A federal court in Florida has held that the City of Key West’s policy of drug testing all applicants for employment was applied to an applicant in an unconstitutional manner.  Karen Cabanas Voss v. City of Key West, Case No. 13-10106-CV-King (S.D. Fla. May 9, 2014).

The City of Key West conducts drug testing of all applicants, as well as “reasonable suspicion” testing of all employees, and random testing of employees in “public safety positions” (such as firefighters and police officers) and “safety-sensitive” positions (such as commercial drivers).  Voss applied for a job as a Solid Waste Coordinator, which primarily was an office job.  After she was offered the job, Voss was instructed to report for a pre-employment drug test.  She refused to do so and the City did not hire her based on her refusal to test.

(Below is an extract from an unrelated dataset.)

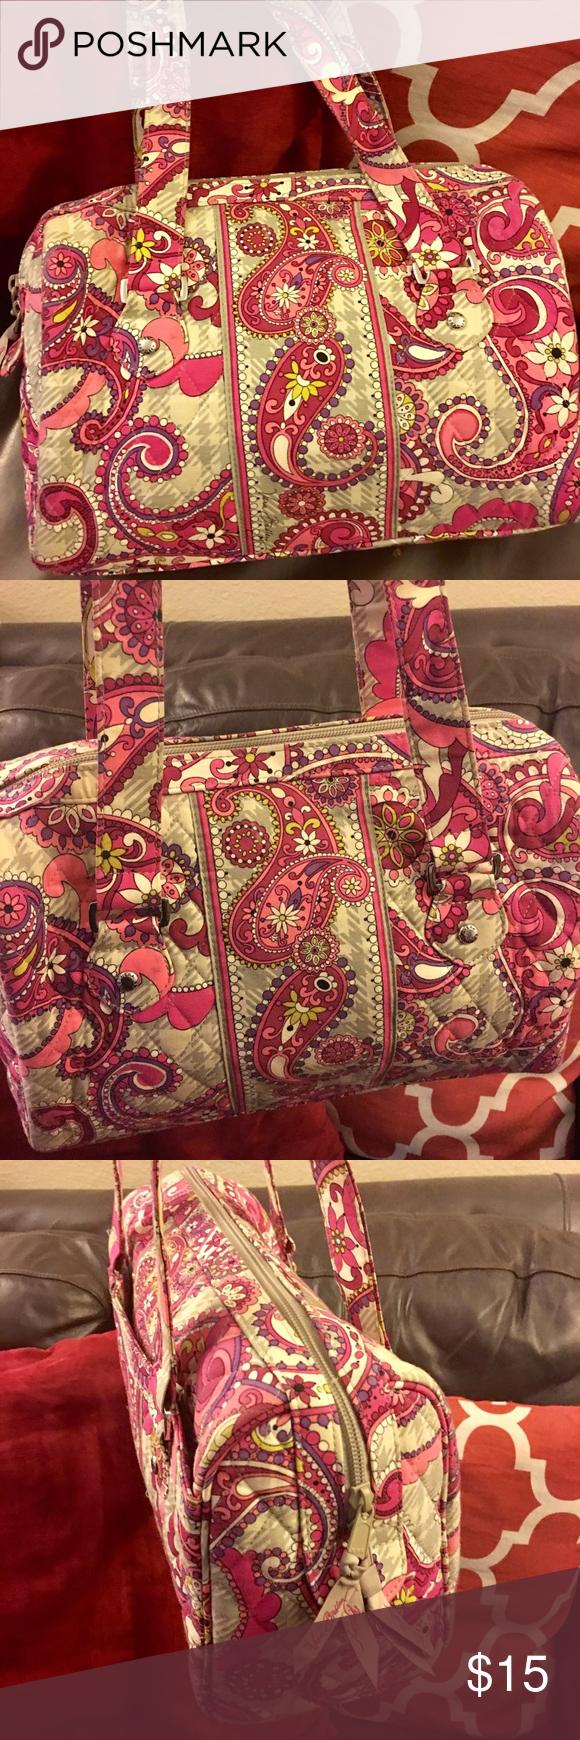 🎉SALE🎉VERA BRADLEY Super Cute Paisley Print Bag

Voss challenged the City’s drug testing policy, arguing that it was unconstitutional as applied to her.  Specifically, public employer drug testing which utilizes urinalysis is a “search” that falls within the ambit of the Fourth and Fourteenth Amendments.  To be reasonable under the Fourth Amendment, a search ordinarily must be based on individualized suspicion of wrongdoing.  However, the U.S. Supreme Court has recognized particularized exceptions where the government proffers a “special need” or “important governmental interest” which is furthered by the intrusion.  Voss argued that the City failed to make the required showing of a “special need” or “important governmental interest” which justified the invasion of her Fourth Amendment privacy interest.

The City attempted to establish a “special need” by arguing that it was generally interested in the “safe, effective and efficient delivery of public services.”  The Court rejected this “symbolic” interest as a “special need” and stated that a more specific showing was required.  The City then argued that the Solid Waste Coordinator position was “safety-sensitive.”  That argument also was rejected because the position consisted mostly of office duties, and the position was not subject to random testing (like all other safety-sensitive positions).  Finally, the Court rejected the City’s argument that pre-employment drug testing is reasonable because applicants can refrain from applying for positions that require pre-employment drug testing.  The Court again disagreed, stating that “there is no precedent in this circuit which holds that the government can violate a person’s rights under the Fourth Amendment so long as prior notice of the impending violation is given.”  Summary judgment was granted to Voss.